Die Dekoration des ersten Aufzuges.

Es treten rechts oben ein: Theodor im Frack, mit einem großen Servierbrett, worauf Gläser, Karaffen und silbernes Eßbesteck, der Gärtner in grauer Jägerlivree, mit einem gleichen Brett, worauf die Teller und im anderen Teil das Besteck, dann Hermine, schwarz angezogen mit weißem Häubchen, weißer Schürze und weißen Handschuhen, mit einem gleichen Brett, worauf die Tischwäsche. Sie stellen ab und ordnen auf zwei Kommoden links und rechts von der Glastür, die als Anrichte dienen. Hermine nimmt das Tischtuch, geht durch die Glastür und beginnt einen Tisch für sechs zu decken, der in der Terrasse mittelst, auch in der Mittelachse des Zimmers steht.

Theodor Rasch, rasch, beeilen Sie sich! Es muß schnell serviert und gegessen werden, denn dann erfolgt Abreise, schnelle Abreise, sehr schnelle Abreise!

Gärtner Seit wann wird denn jetzt auf der Terrasse serviert statt im Speisezimmer? Das ist ganz was Neues! Ab.

Theodor Erstens ist dies nichts Neues, sondern ganz was Altes und das geht Sie einen Schmarrn an! Zu Hermine Und weißt du, wo ich dir heut Nacht dein Zimmer anweisen werde? Da droben! Er zeigt senkrecht nach oben Da, wo wir diese Melanie ausquartiert haben, da wirst du dich hinaufbegeben und ich werde diesen Weg – er zeigt wie ein Seiltänzer, der balanciert dort über schwindlichem Dach werde ich zu dir kommen, dir einen kleinen Besuch machen, verstanden?!

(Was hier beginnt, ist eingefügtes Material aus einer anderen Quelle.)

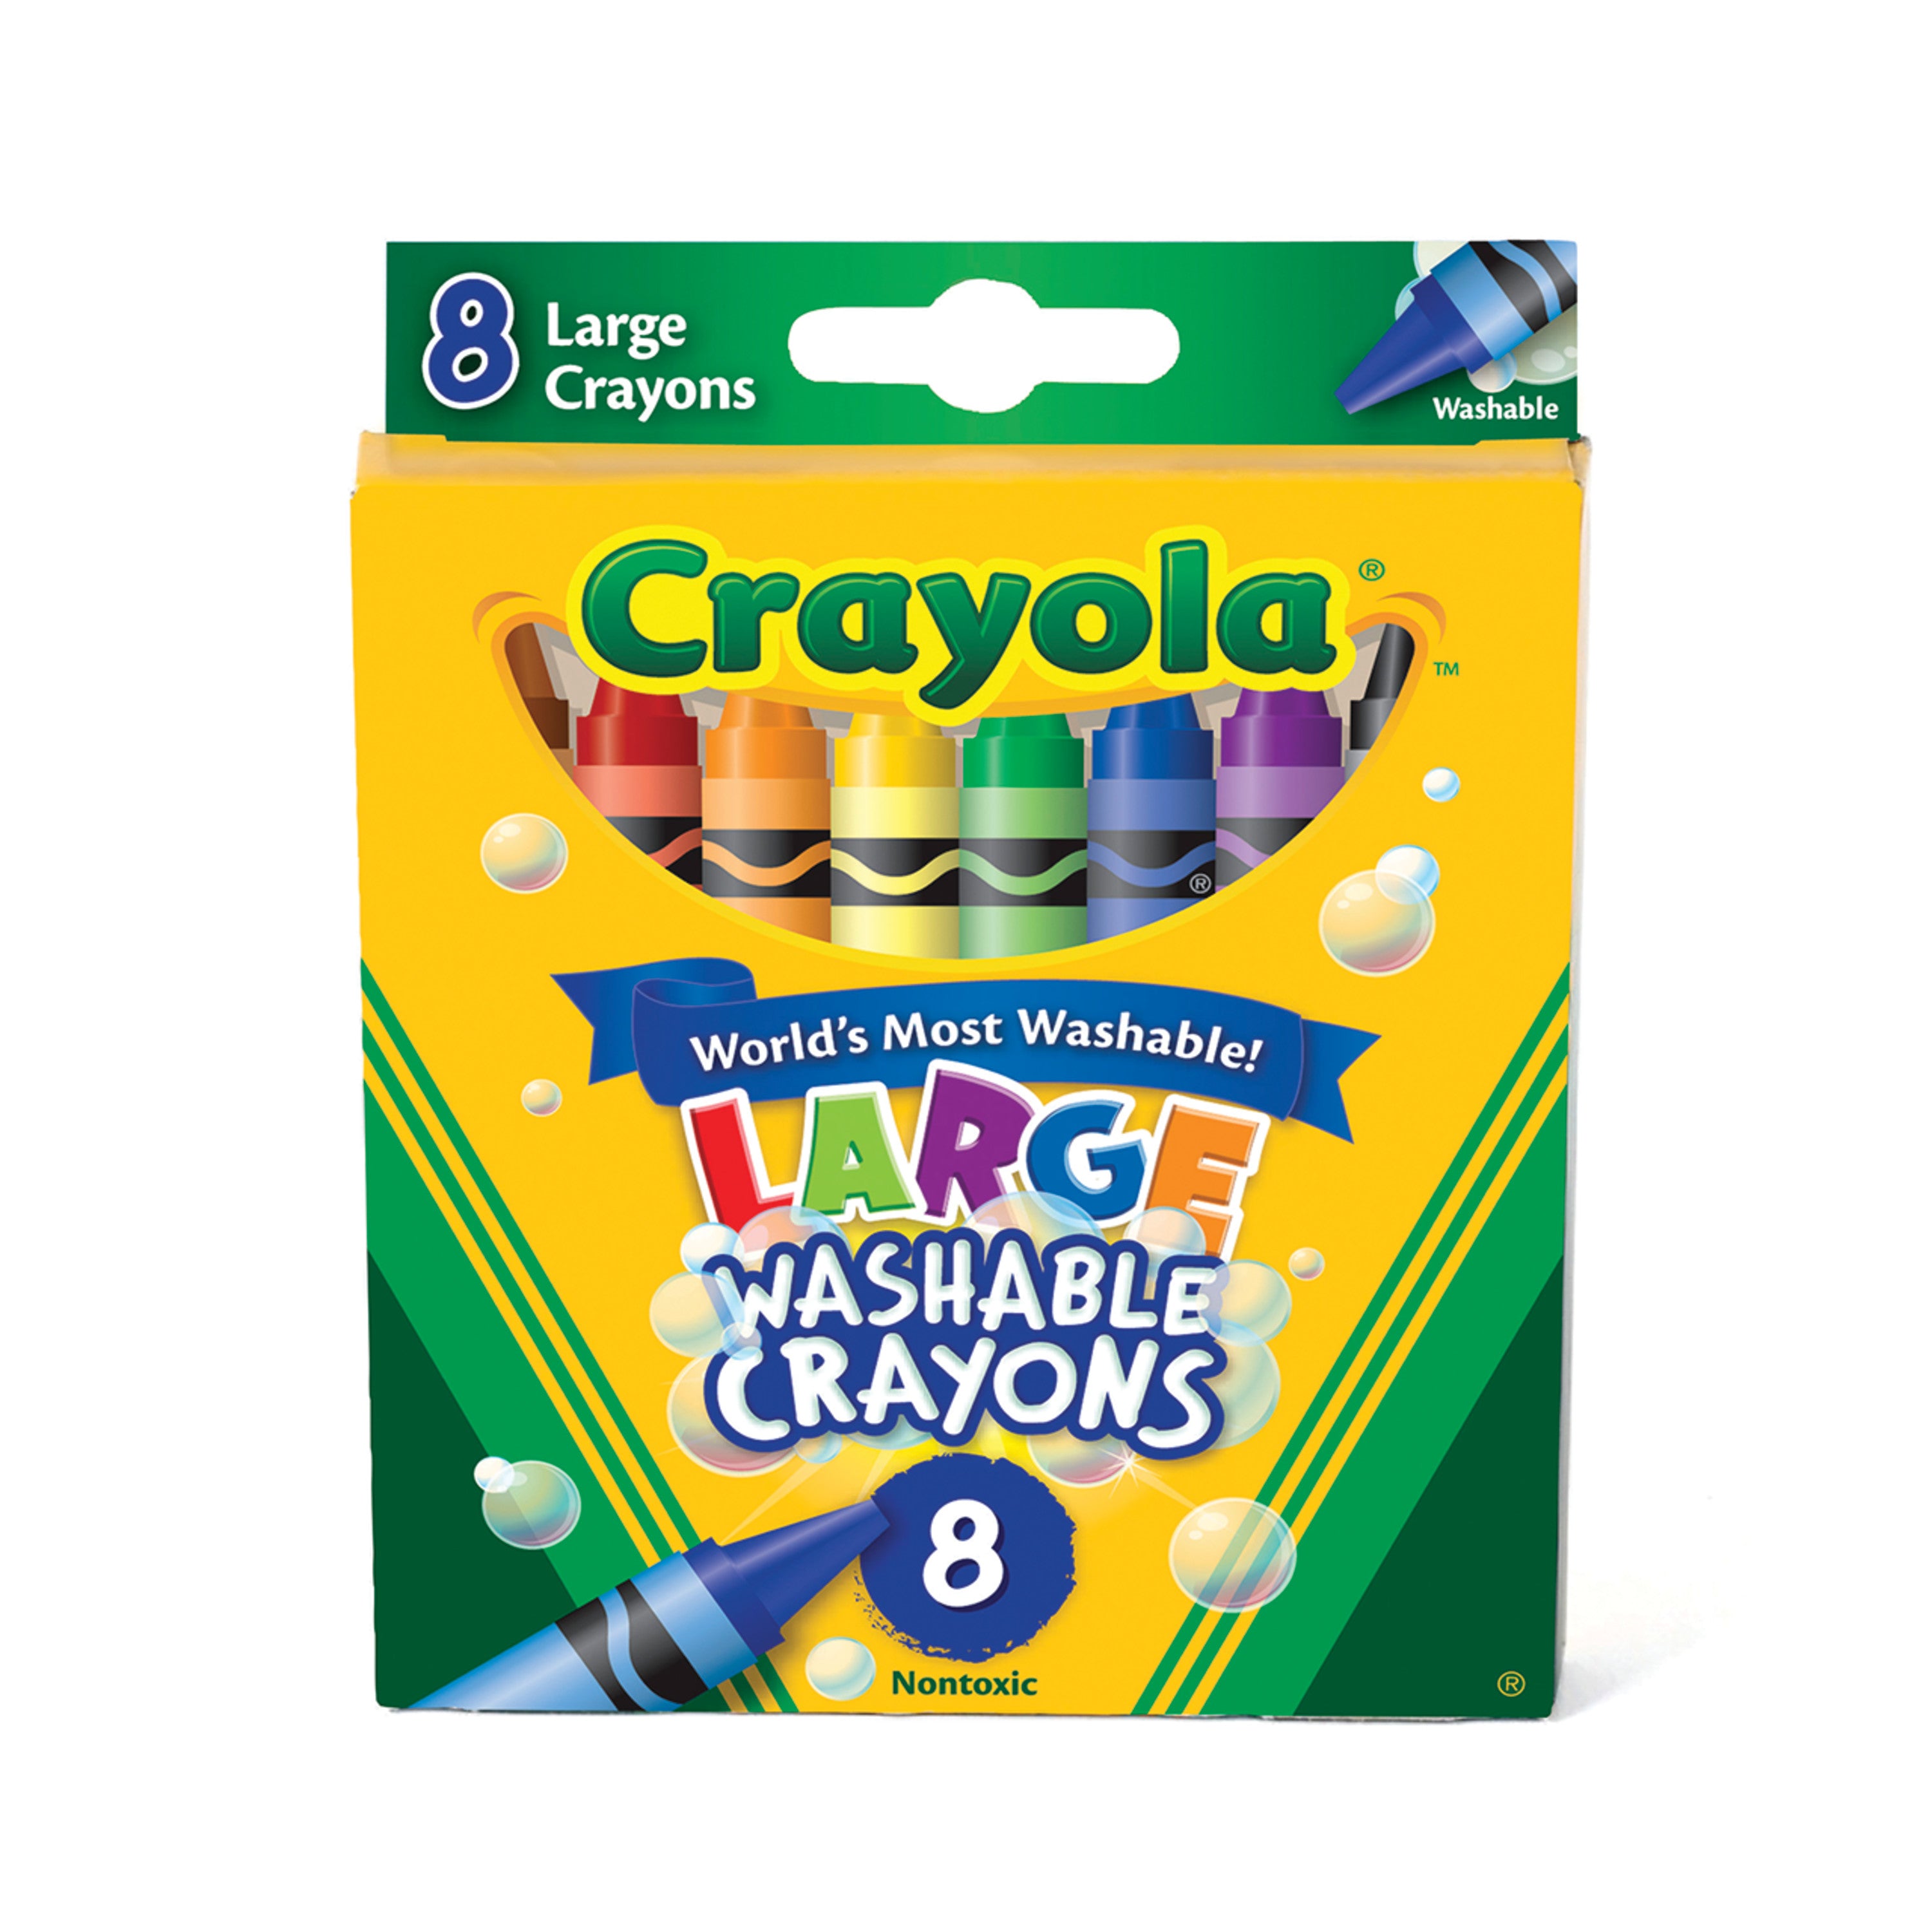 Crayola Large Washable Crayons, Nontoxic, Assorted, 8/Box

Hermine Maria! Da droben schläft doch der Herr Baron! Der hört doch alles!

Theodor Gerade durch sein Zimmer werde ich meinen Weg nehmen und ihn werde ich heut anderswo einquartieren. So hab ich mir schon überlegt.

Hermine Was Sie zusammenreden!

Theodor galant und scherzhaft Was unterstehst du dich?! Mir scheint, du hast dich schon zu lange nicht vor mir gefürchtet!

Hermine lacht.

Theodor Zuckst du?! Na wart! Dir muß ich den Herrn zeigen! Du wirst mich heut in der neuen Bluse empfangen als Zeichen, daß du dich vor mir fürchtest!

Hermine Das werden wir sehen!

Theodor zärtlich Oh, du lachst! Mir scheint, da habe ich eine boshafte Schlange an meinem Busen aufgewärmt!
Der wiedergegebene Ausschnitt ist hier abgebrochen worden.